A recent article in the New York Daily News (April 13, 2013) by Matthew Lysiak and Larry McShane supports the view that Mr. Lanza was a victim of bullying. According to this article not only was Mr. Lanza taunted but also beaten by fellow students when he attended Sandy Hook Elementary School. A relative of Mr. Lanza, who wished for anonymity in that article, gave this evidence of bullying: “Adam would come home with bruises all over his body,” the relative said. “His mom would ask him what was wrong, and he wouldn’t say anything. He would just sit there.” The mother considered suing the school because of this abuse that she suspected.

The one bullied transformed into the one who bullies, and even worse, into the one who kills.

For a moment, let us presume even with this news story that the accusations of bullying toward Adam Lanza are incorrect. Even so, there are thousands of children as I write this being bullied and bullied very abusively in schools.

How many of them will transform into the one who bullies?

We have to do something to protect the victims, yes, but what is rarely emphasized is this: We must find a way to quell the fury within those who bully. Their fury is what is abusing and in some cases contributing to the death of other students.

What did I tell you? We are suggesting this to the world: We strongly urge all school districts in the United States and abroad to develop comprehensive psychological programs to reduce the rage in those who bully. One source for school psychologists, counselors, and social workers is the Anti-Bullying Forgiveness Education Program available in the store section of this website. This curriculum targets the anger within those who bully.

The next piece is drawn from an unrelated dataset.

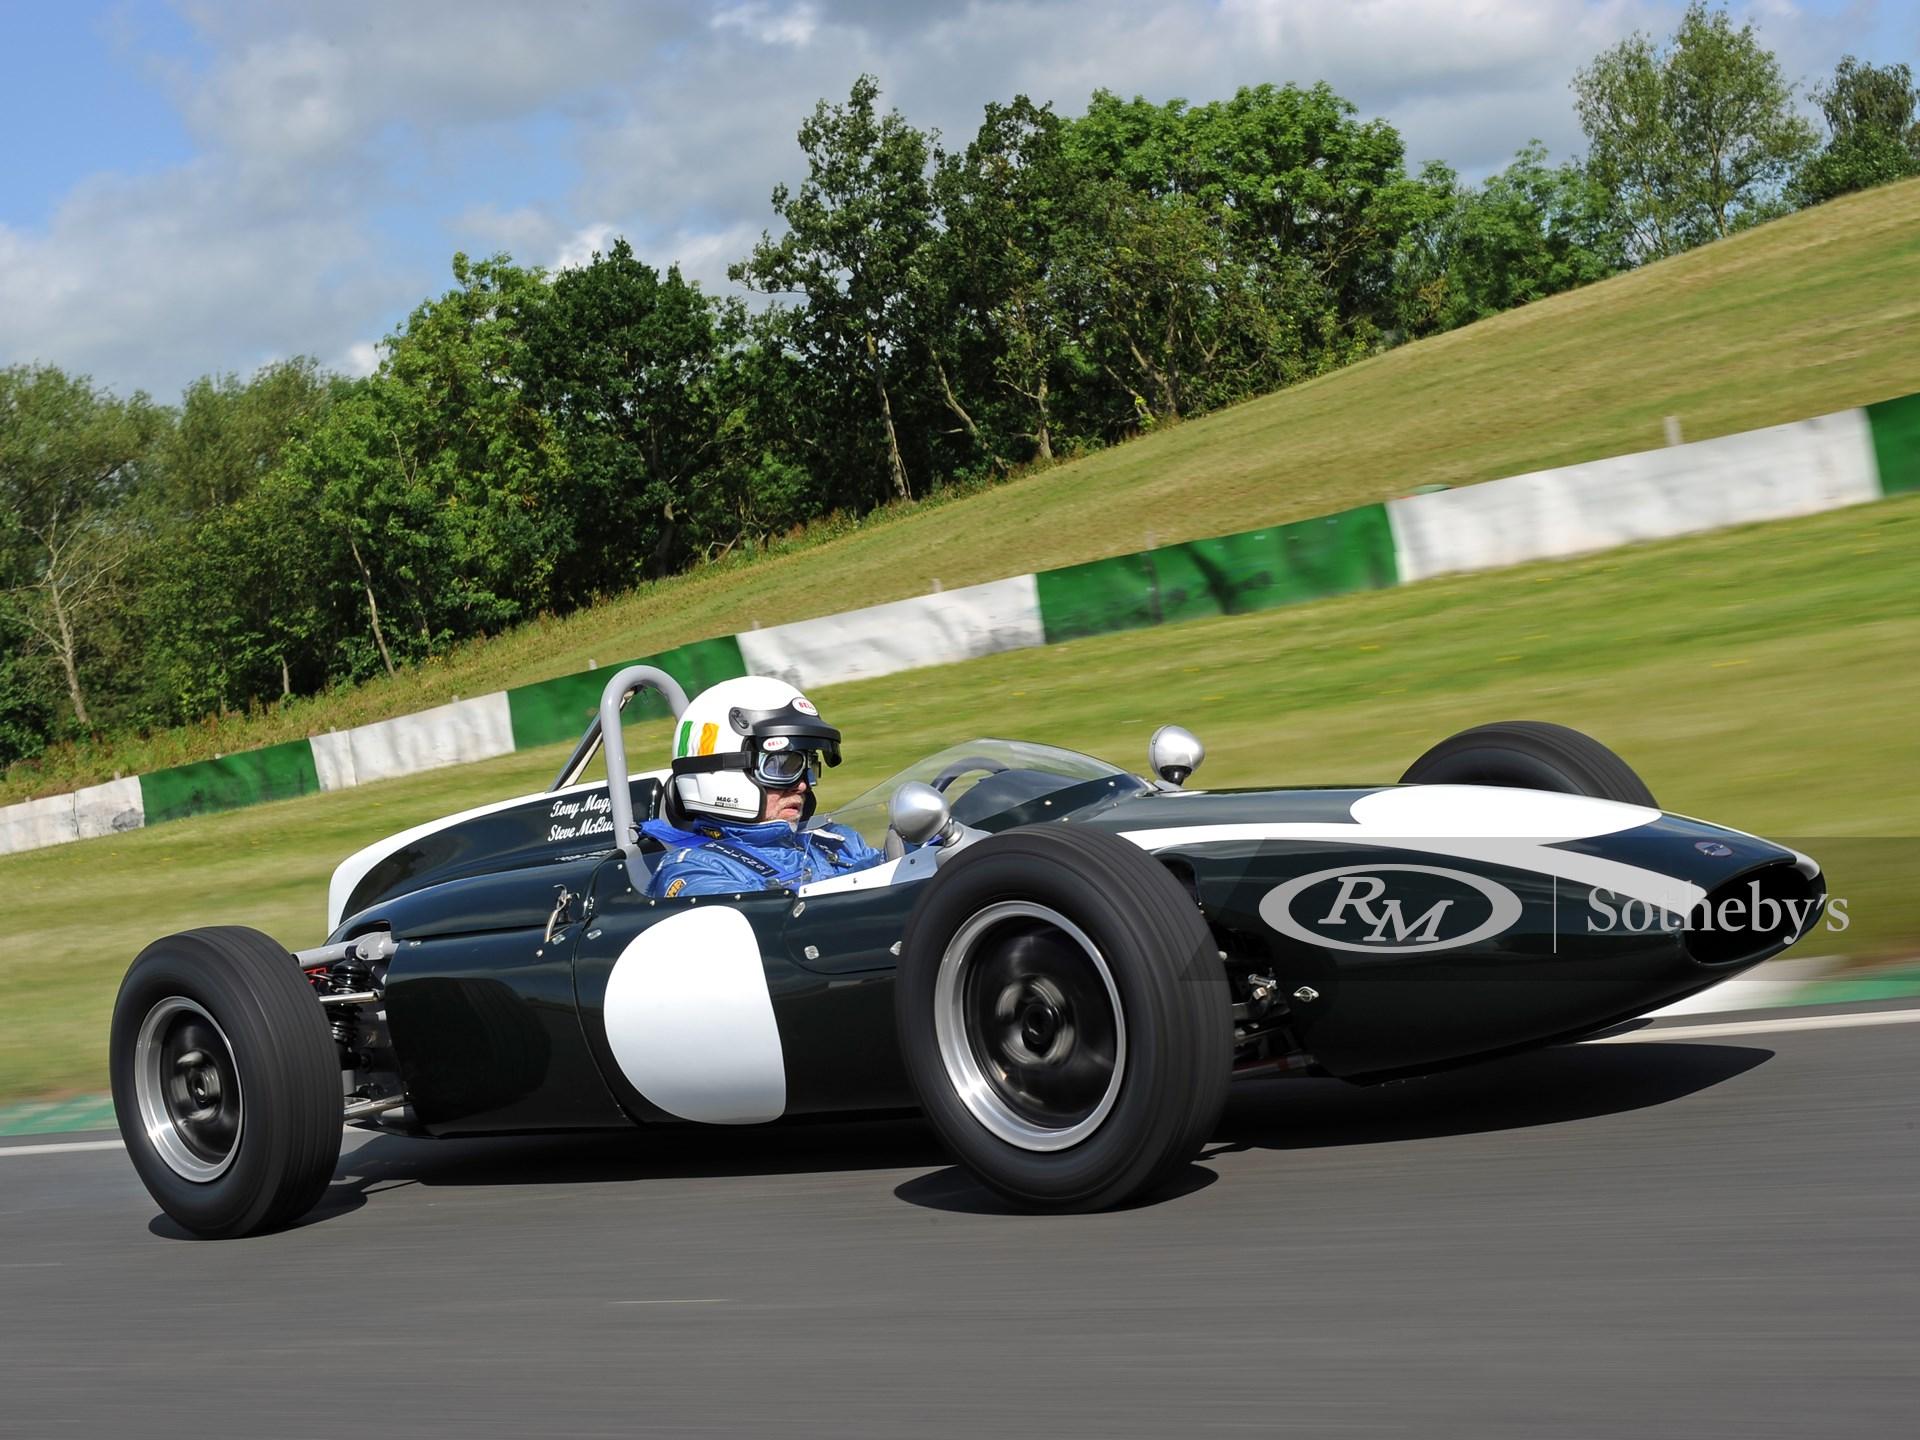 1961 Cooper T-56 Mark II Formula Junior Racing Car  -

Our research on forgiveness therapy and our research on forgiveness education shows that those with deep anger can reduce that anger statistically significantly.

It is time to quell the fury within—-for the sake of the next victim and for the sake of those who harbor the fury. We have the resources. Now let us all pull together and do our part not to let anger have its insistent upper hand. Let us start today and achieve Independence Day for those who bully—-independence from the binding torture of their own anger.